| AIM OF THE EXERCISE |
In the entries below, begin at the line that has "気持ちが揺らぐエモーショナルなチルBGMの再生済みの波形", stop after the line that has "Тарелка десертная Spode", and output those lines exactly with no pictures.
DATA TO USE START
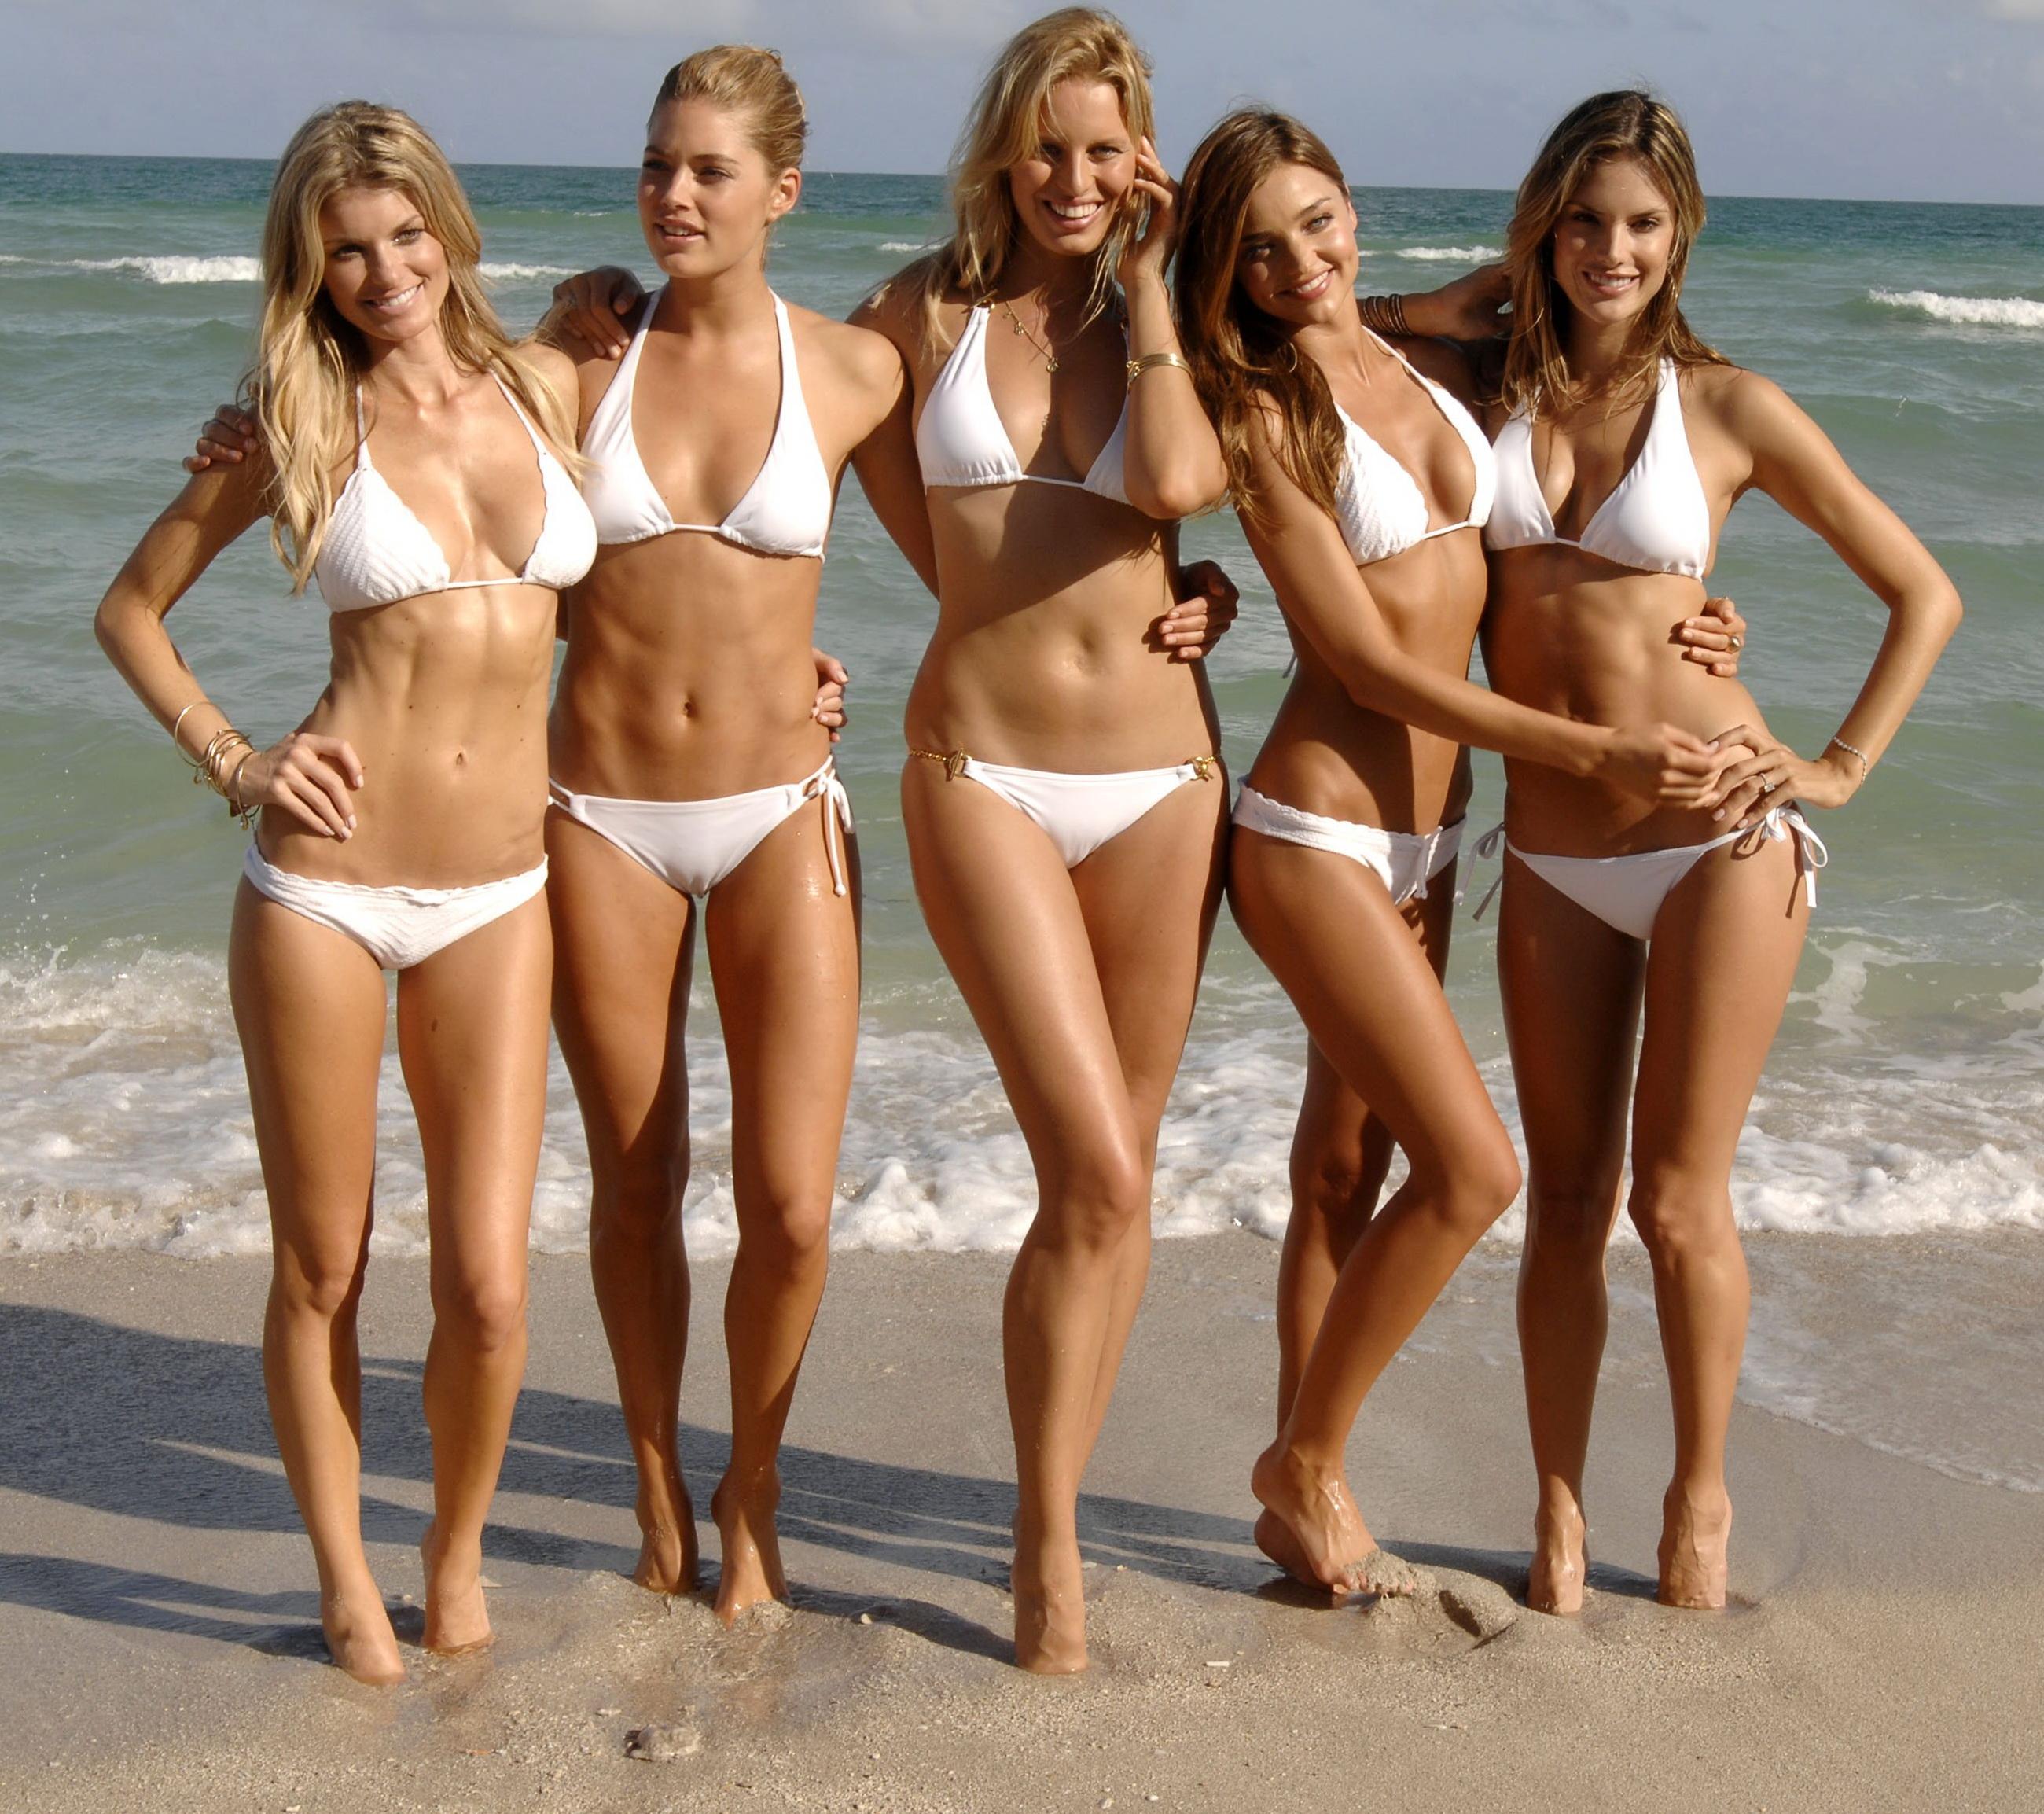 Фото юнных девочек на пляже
DATA TO USE END
DATA TO USE START
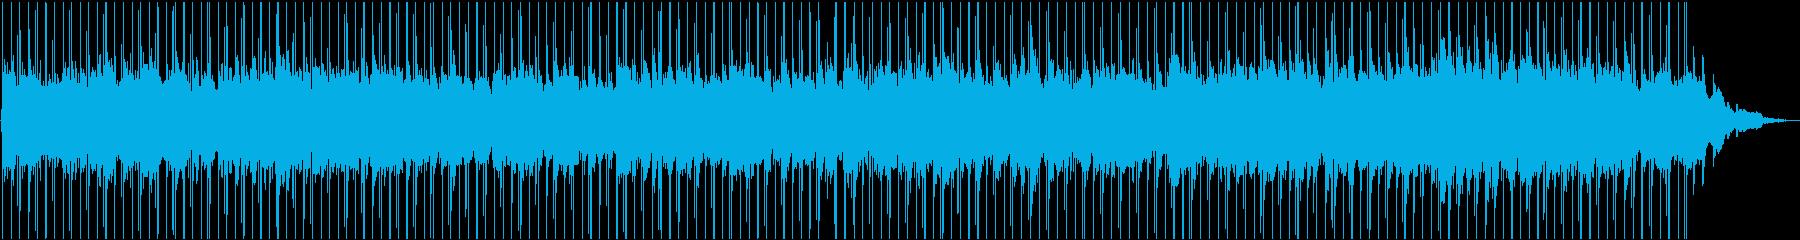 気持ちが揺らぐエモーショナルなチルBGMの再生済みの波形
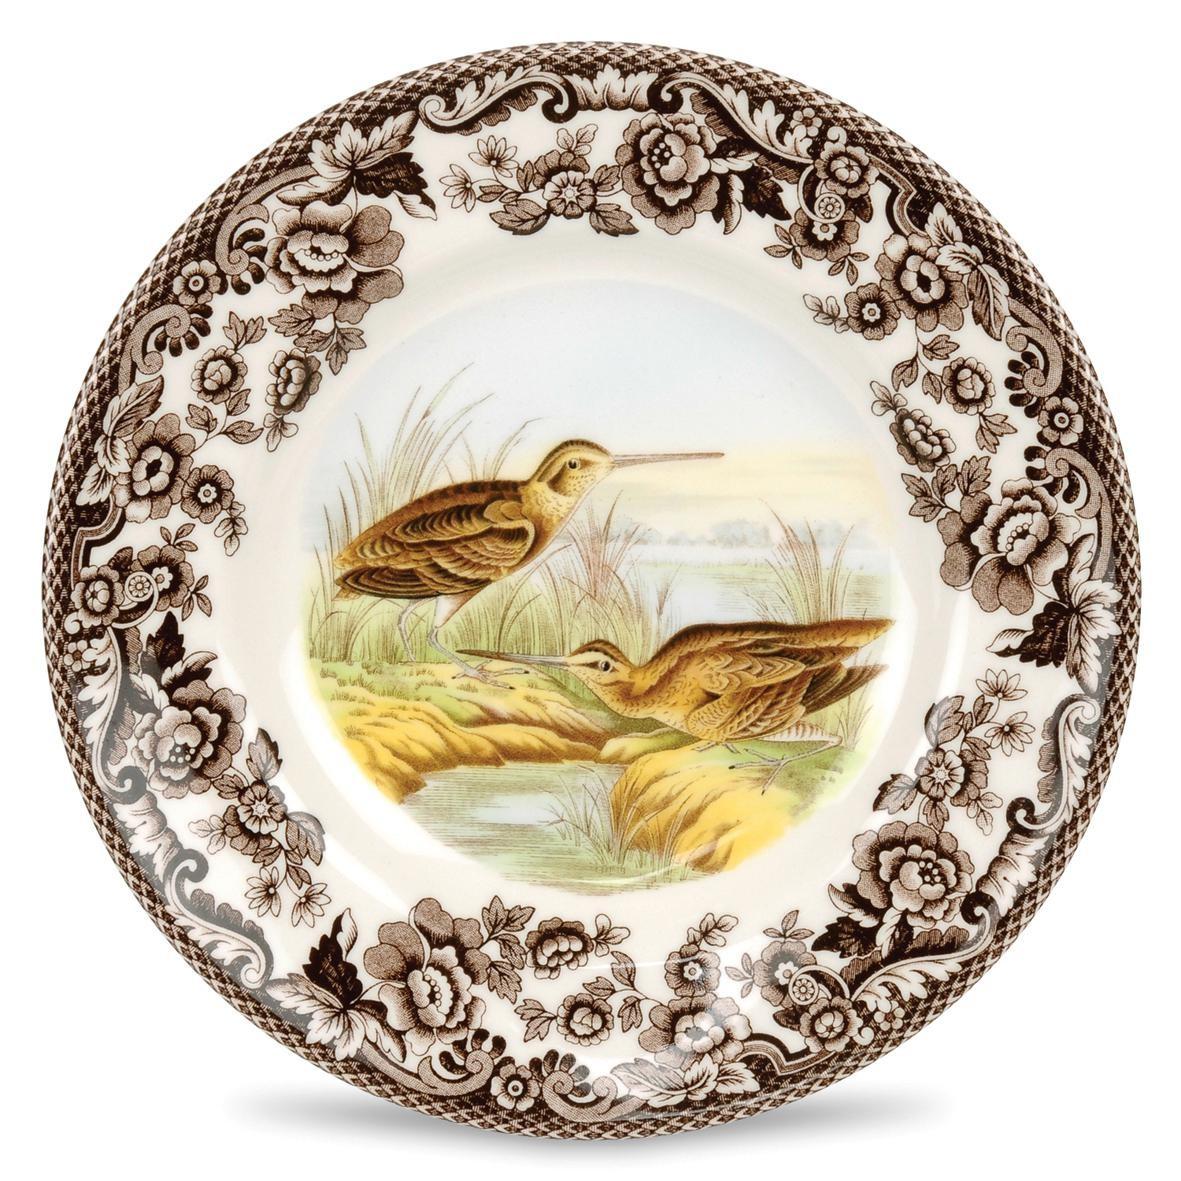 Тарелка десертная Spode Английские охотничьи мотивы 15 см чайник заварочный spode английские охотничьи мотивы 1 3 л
DATA TO USE END
| EXERCISE OUTPUT |
 気持ちが揺らぐエモーショナルなチルBGMの再生済みの波形
 Тарелка десертная Spode Английские охотничьи мотивы 15 см чайник заварочный spode английские охотничьи мотивы 1 3 л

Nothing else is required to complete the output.